7/28/2023
NVIDIA Team,
We are having an intermittent booting issue with a Jetson AGX Xavier attached to a Connect Tech Rogue Carrier Board.
The issue is as follows:
Generally speaking, for days or weeks at a time we use our Jetson AGX Xavier + Connect Tech Rogue Carrier Board systems without fail. During this time, we install typical items (python packages, other benign software, etc.) but we do not modify the kernel or boot process in any way. We typically go through hundreds of power cycles and power the boards with multiple different power systems (different types of batteries, power supplies, etc.) none of which produce any problems.
However, after some time of using the systems (~1-2 weeks), upon turning the system on the system does not boot. At this point we can cycle power repeatedly but are not able to get the system booting again. We are able to connect to the serial console via Minicom, which produces the following log (minicom_fail.cap):
minicom_fail.cap (10.5 KB)
After the point in the logs where we see multiple blank lines in a row, the system hangs and we are never able to make it past this point. We are not able to access the booting options (i.e. Esc or F11 during boot) as our issue occurs before that point in the booting process.

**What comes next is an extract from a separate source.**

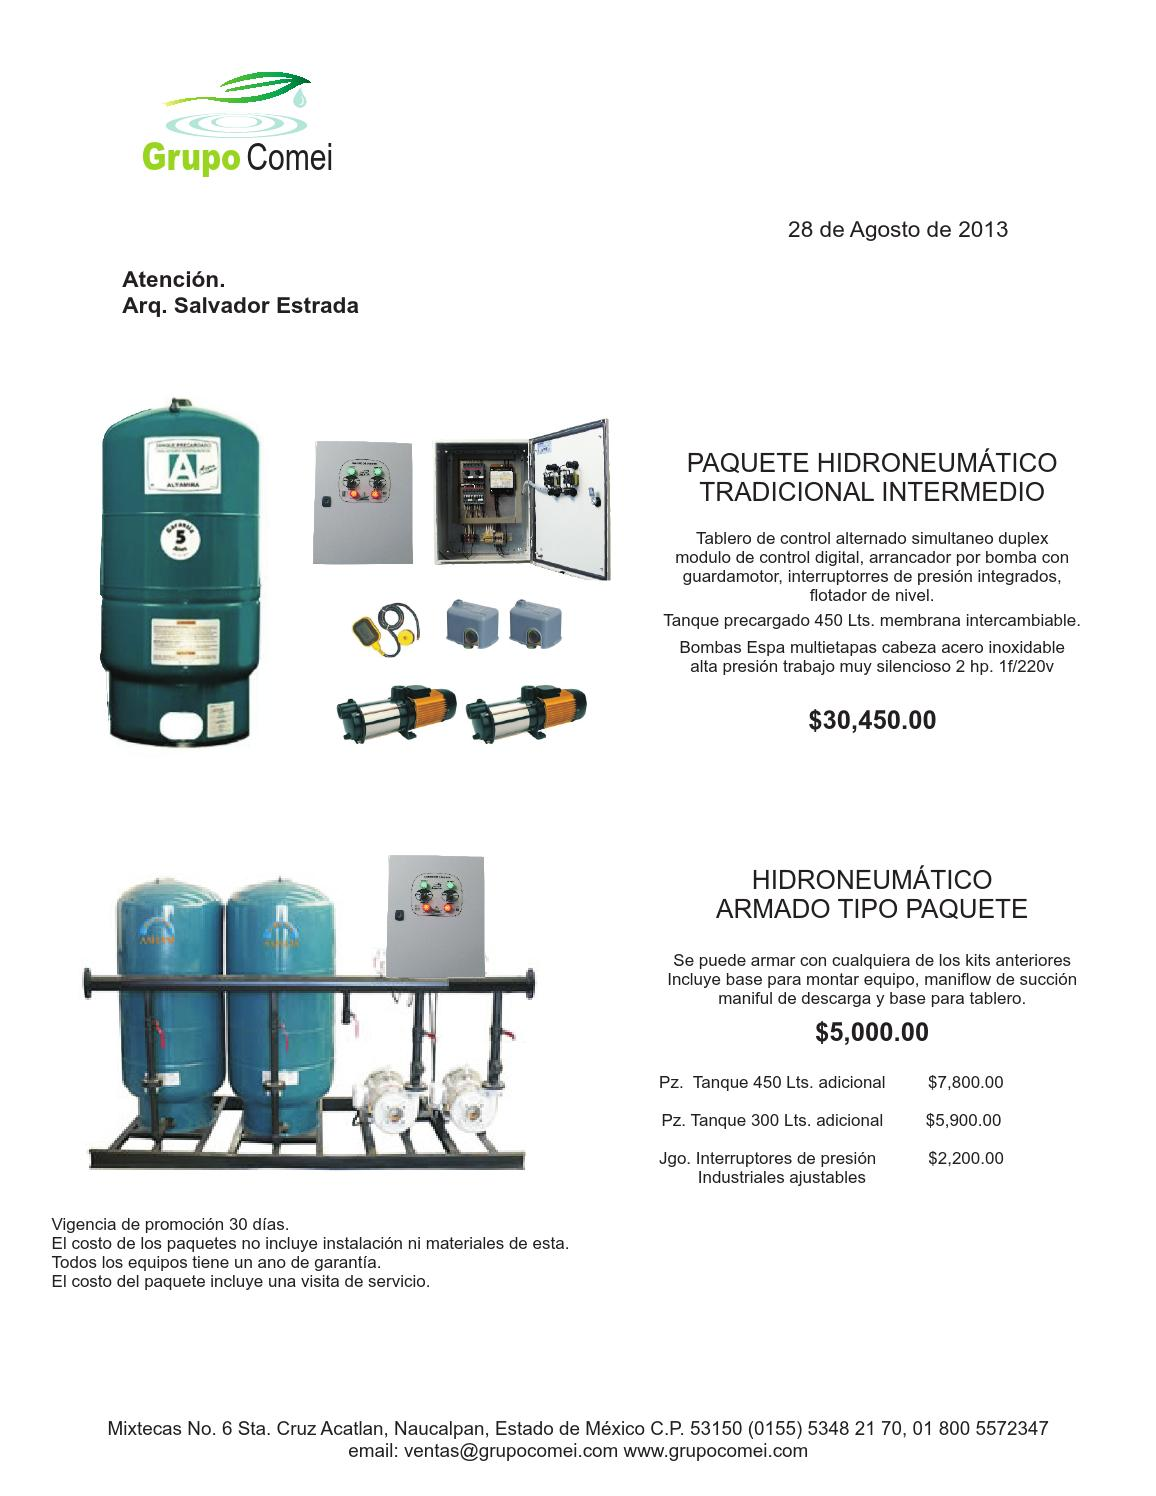 Paquetes duplex hidroneumatico by grupo comei issuu for Costo hidroneumatico
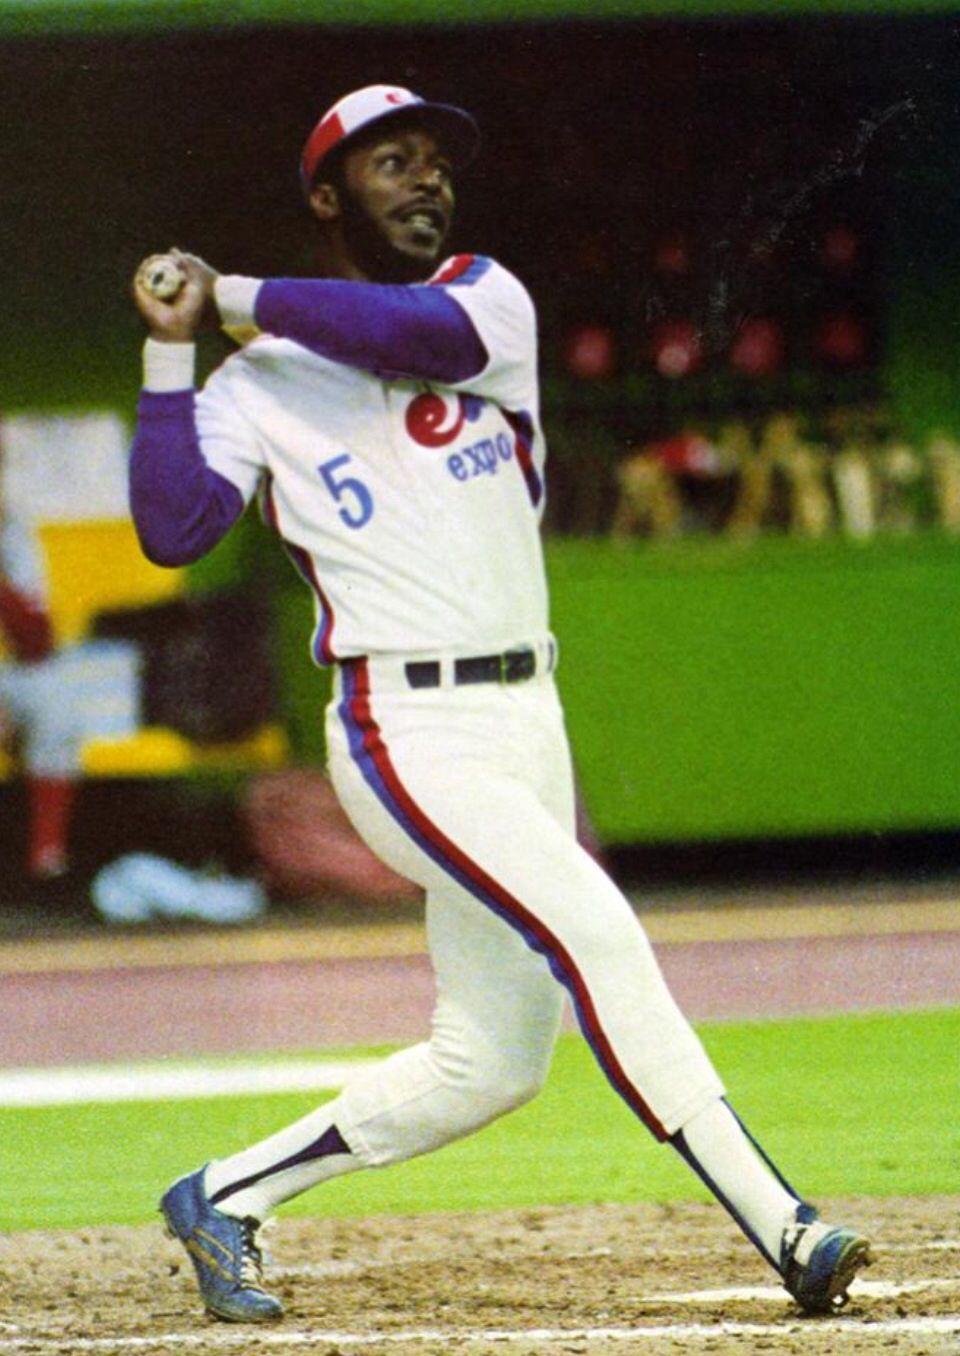 John Milner Montreal Expos Expos Baseball Major League Baseball Teams Mlb Teams

We are, however, able to place the system into Force Recovery Mode and flash it, which works as intended and allows us to continue our work. After doing this we clone all of our code, install everything we need, operate the system without issue for 1-2 weeks before we eventually run into the same issue described above.
Some things of note:
- We have many different Jetson AGX Xaviers and many different Connect Tech Rogue Carrier boards, this same issue has happened on all of them at some point
- After obtaining a system in the broken state described above, we have removed the Rogue Carrier board from the Jetson AGX Xavier and swapped the modules with a known working combination at which point we see the issue “following” the Jetson
- Ex.
- Setup 1: Jetson AGX Xavier 1 + Rogue 1 = Broken
- Setup 2: Jetson AGX Xavier 2 + Rogue 2 = Working as intended
- Setup 3: Jetson AGX Xavier 1 + Rogue 2 = Broken
- Setup 4: Jetson AGX Xavier 2 + Rogue 1 = Working as intended
- Here is a serial log from the (working) boot process with this specific combo of items used (minicom_combo.cap):
minicom_combo.cap (71.8 KB)
- Here is a serial log from the (working) boot process with this specific combo of items used (minicom_combo.cap):
- We have also seen a similar, but different, issue where everything mentioned above still applies except rather than hanging, the system automatically attempts to reboot itself in a repeated “reboot loop”. The log for the “reboot loop” can be seen here (minicom_fail_old.cap):
minicom_old_fail.cap (877.7 KB)- We do not have this specific issue with any systems right now (we instead have the “hanging” issue), but I just wanted to mention this as it feels related.
Thank you for your help and please let me know if you have any questions!